I spent much of December in Southern India for business. I was awash in culture and history yet the most amazing thing I experienced the entire time was the traffic. It’s impossible to accurately describe the semi-organized mayhem, the constant multiaxial motion and the utter and complete lack of fucks-given. Here’s a 10 minute video that’s a pale, sad shadow of what I experienced:

The traffic is alive. It reminded me of a herd of animals migrating across a vast plain. Huge, slow buses push ahead dominating, but heedless of, the turmoil that surrounds them. The bulk of the herd is a motley collection of cars, vans and trucks of every possible condition and vintage. They set the overall pace. All the while, nimble, three-wheeled auto-rickshaws and motorbikes weave through the throng finding and exploiting whatever paths become available.

How to Traffic

There are rules, yet the actual traffic laws fall second to the unspoken contracts made by the participants. Marked lanes are universally ignored. If you can fit, you slide in. Horns are in near constant use, but almost always as polite notifications; a gentle, “hey, I’m here!” which are, surprisingly, honored much more often than they’re ignored. Passenger capacity is purely a matter of physics, not reason: if you can fit five people into a three person auto-rickshaw, you are absolutely welcome to do so.

Speeds are much slower than Americans will be used to, but forward motion is near constant and true gridlock almost non-existent. There’s no concept – at all – of “personal space”. It’s rare that you’ll be more than a hands-breadth away from the vehicles on each side, yet accidents (at least serious ones) seemed rare as well. Another thing that’s missing from American traffic: all the angst. Indians simply don’t take traffic as seriously as we do. They don’t enjoy or look forward to it, but “road rage” just doesn’t seem to be a thing.

Google, Pay Attention!

During my stay I spent a lot of time in traffic.
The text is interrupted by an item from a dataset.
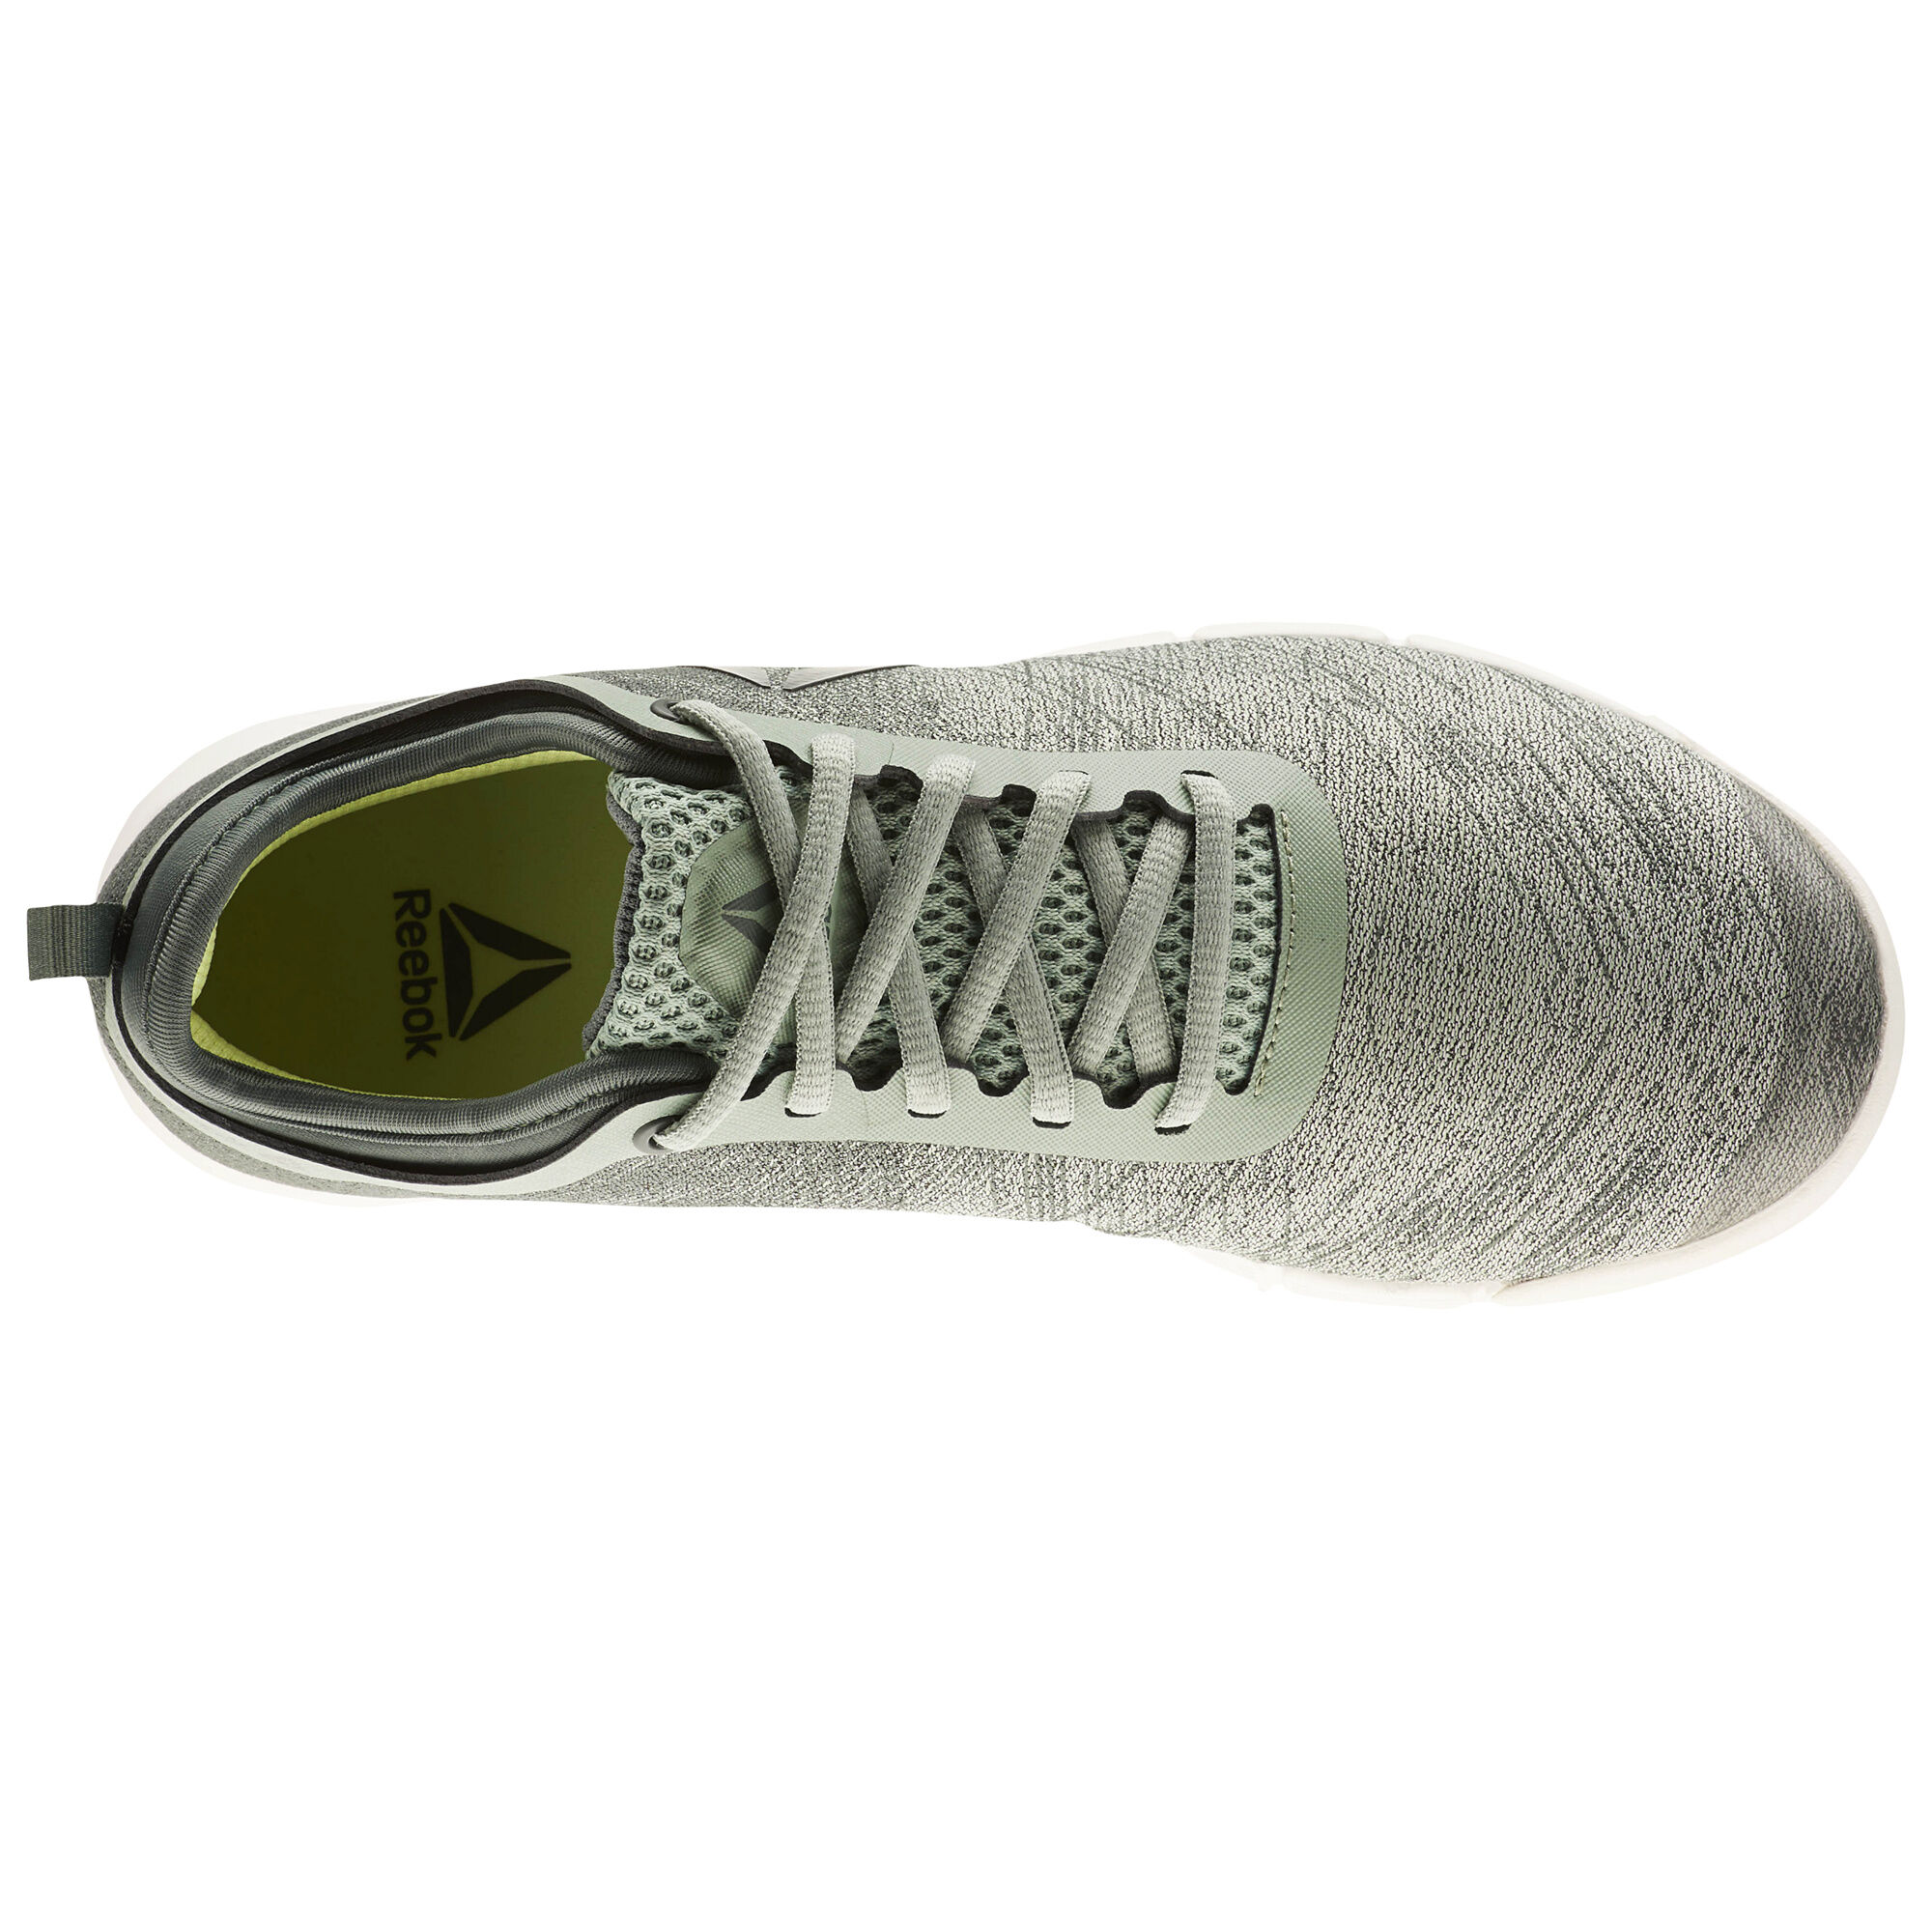 Reebok-Women-039-s-Speed-Her-TR-Shoes
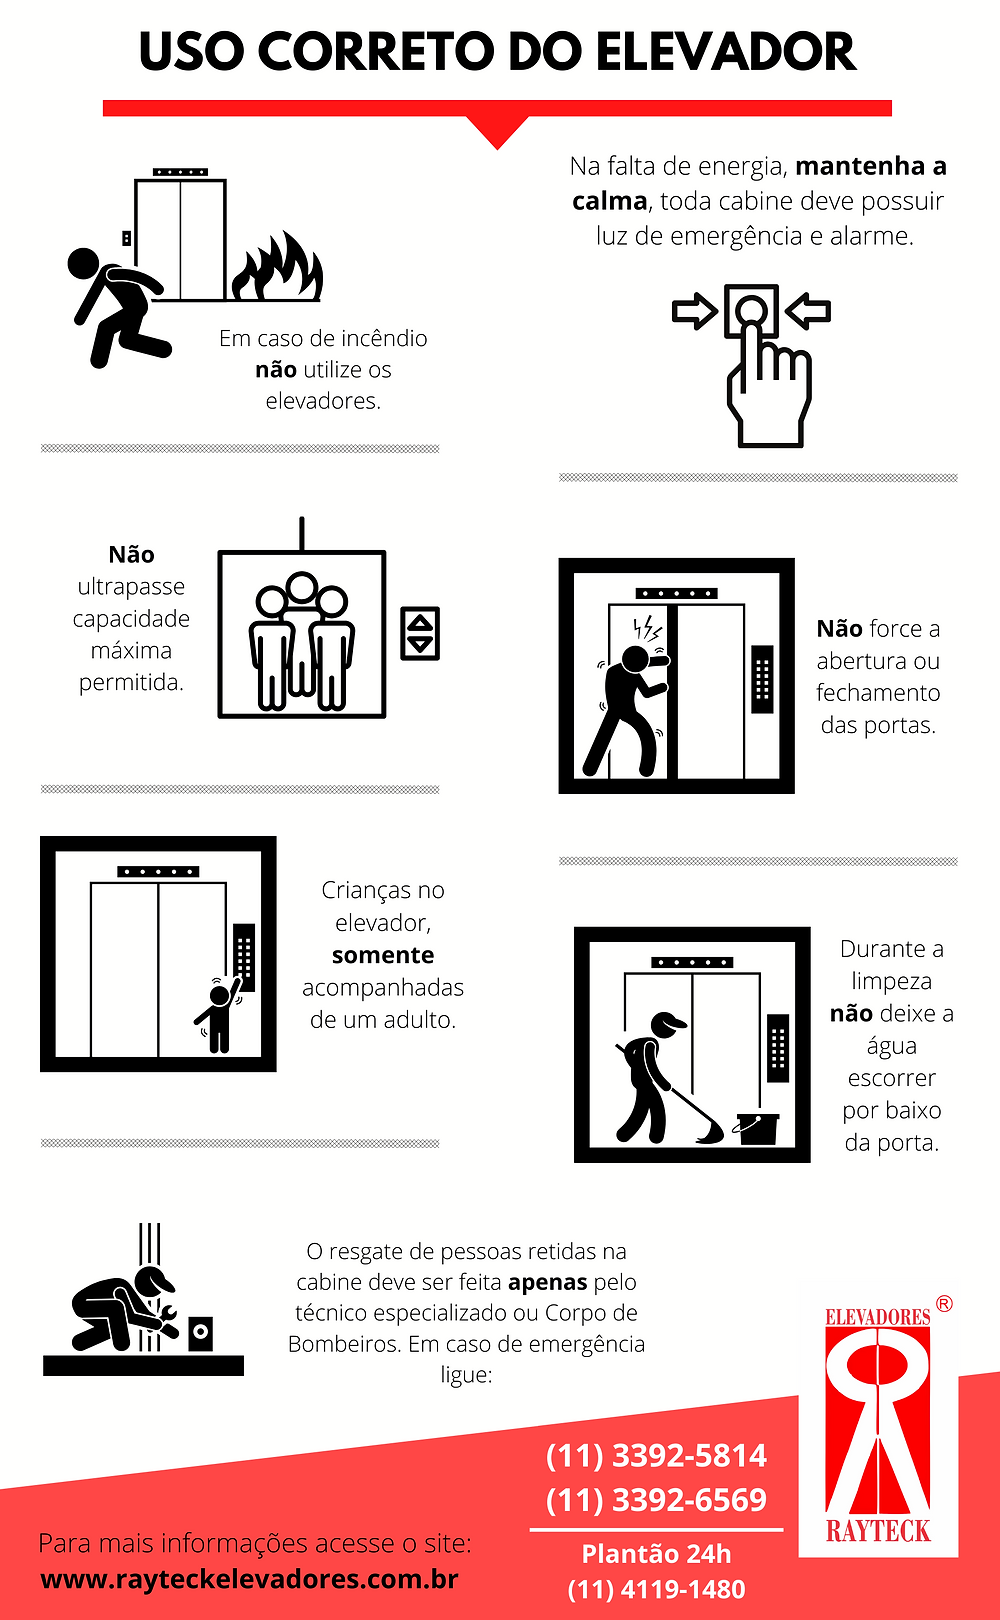 uso correto do elevador - Rayteck Elevadores

One thought that continually buzzed through my head was, “shouldn’t self-driving cars be doing this?” Currently we’re creating implementations that follow the rigid, “stay between the lines” models of genteel first world society. While this is necessary, at least at first, to make people comfortable with the technology, it’s not, I believe, where we want to end up.

Instead, imagine the roads full of autonomous vehicles leveraging the Indian model. Here’s an overhead video that demonstrates the effectiveness of the system much better than my ground-level attempt:

It may appear chaotic at first, but the reality is beautifully elegant. Making complete use of the space available, sliding in and out as needed, respecting pedestrians while continuing to advance. Like birds or bees, vehicles shouldn’t just drive place, they should flock and swarm to them. Like corpuscles in a vein, they should fully utilize the space without interfering with one another.

It’s a dramatically different model, one that Westerners may be very uncomfortable with, yet it’s clearly a more efficient one; one with a significantly higher return on investment for our infrastructure.